Kto zostanie królową Memphis?

/ Anna Wilma , źródło: cellularsouthcup.com, foto: cellularsouthcup.com

Amerykańskie miasto Memphis w nadchodzącym tygodniu będzie gościło u siebie zarówno najlepsze tenisistki, jak i najlepszych tenisistów świata. Odbędą się tam bowiem równolegle turnieje WTA i ATP. Taka sama sytuacja ma miejsce w Acapulco, natomiast panie walczą jeszcze w Dubaju, a panowie w Zagrzebiu.

The Cellular South Cup jest turniejem trzeciej kategorii. Jego pełna nazwa to Regions Morgan Keegan Championships and The Cellular South Cup, ale do rywalizacji kobiecej odnosi się tylko drugi jej człon. Spowodowane jest to różnymi sponsorami imprezy męskiej i damskiej, umieszczonymi pod wspólnym "szyldem".

Kobiece zawody goszczą w Memphis od 2002 roku, kiedy to triumf odniosła Amerykanka Lisa Raymond (w finale z rodaczką Alexandrą Stevenson). Wcześniej, od 1986 roku, miejscem organizacji turnieju była Oklahoma. Panie grają na otwartych kortach twardych.

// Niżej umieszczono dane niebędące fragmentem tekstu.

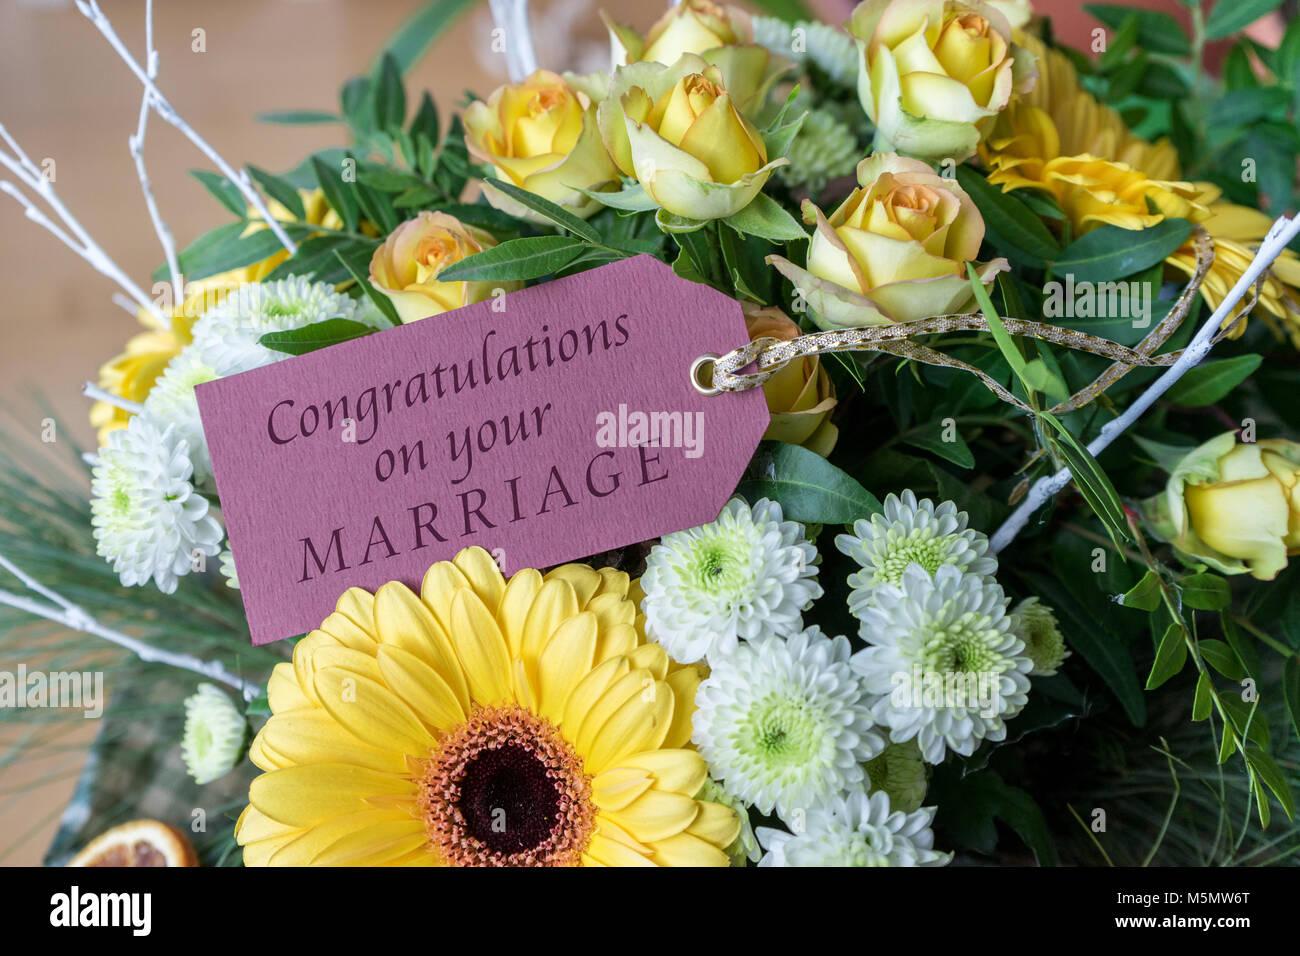 Fiori Gialli Per Bouquet.Biglietto Di Auguri Per Il Matrimonio Con Un Bouquet Di Fiori Di

Na liście zwyciężczyń można odnaleźć wiele słynnych nazwisk. Co ciekawe, tenisistki bardzo często wygrywały tę imprezę dwa razy z rzędu (Zina Garrison 1992 – 1993, Brenda Schultz McCarthy 1995 – 1996, Venus Williams 1998 – 1999, Monica Seles 2000 – 2001, Lisa Raymond 2002 – 2003 i Wiera Zwonariowa 2004 – 2005). Teraz przed szansą utrzymania łańcucha podwójnych triumfów stoi Amerykanka Venus Williams, obrończyni tytułu i potrójna mistrzyni (ma też na koncie jedną wygraną w deblu).

Williams to najwyżej rozstawiona zawodnika The Cellular South Cup 2008, a co za tym idzie, główna faworytka do końcowego triumfu. W bieżącym sezonie odnotowała dopiero jeden start, podczas Australian Open. Odpadła tam w ćwierćfinałach z Aną Ivanović. Wcześniej pokonała Martę Domachowską i Sanię Mirzę. Obecnie zajmuje siódme miejsce w klasyfikacji WTA i trzynaste w rankingu Race, będącym swoistym wyścigiem o prawo startu w Sony Ericsson Championships.

Główną przeciwniczką Amerykanki w walce o tytuł będzie Tatiana Golovin, rozstawiona z numerem drugim. Mieszkająca w Miami Francuzka to obecnie trzynasta rakieta światowej klasyfikacji. W ubiegłym sezonie otworzyła sobie konto wygranych turniejów singlowych WTA, triumfując najpierw w Amelia Island, a potem w Portoroż. W bieżącym roku nie przeszła jeszcze drugiej rundy turnieju, zarówno w Sydney (porażka z Jeleną Janković), jak i na Australian Open (przegrała z Aravane Rezai). Tenisistka pochodząca z Rosji debiutuje w imprezie w Memphis.

Shahar Peer z Izraela rozstawiona została z numerem trzecim. Mieszkająca w Macabim tenisistka jest obecnie numerem siedemnaście na świecie. W 2008 roku startowała już cztery razy, poczynając od półfinału w Gold Coast (uległa Wiktorii Azarence). W Sydney odpadła w drugiej rundzie ze Swietłaną Kuzniecową, na Australian Open w trzeciej z Jeleną Diemientiewą. Potem występowała w Pucharze Federacji, gdzie ograła Dinarę Safinę, ale nie sprostała Marii Szarapowej.

Lindsay Davenport to czwarta tenisistka The Cellular South Cup. Mistrzyni już na dobre zagościła z powrotem w gronie profesjonalnych tenisistek. W grudniu 2006 ogłosiła bowiem, że spodziewa się dziecka, a w czerwcu 2007 urodziła synka. Od tego czasu wygrała już trzy singlowe turnieje WTA! Nic więc dziwnego, że jest bohaterką amerykańskiego tenisa. Rok 2008 rozpoczęła triumfem w Auckland, potem zaliczyła drugą rundę Australian Open (trafiła w niej na Szarapową) i grała w Pucharze Federacji. Tym sposobem jest czterdziesta szósta w rankingu tenisowym.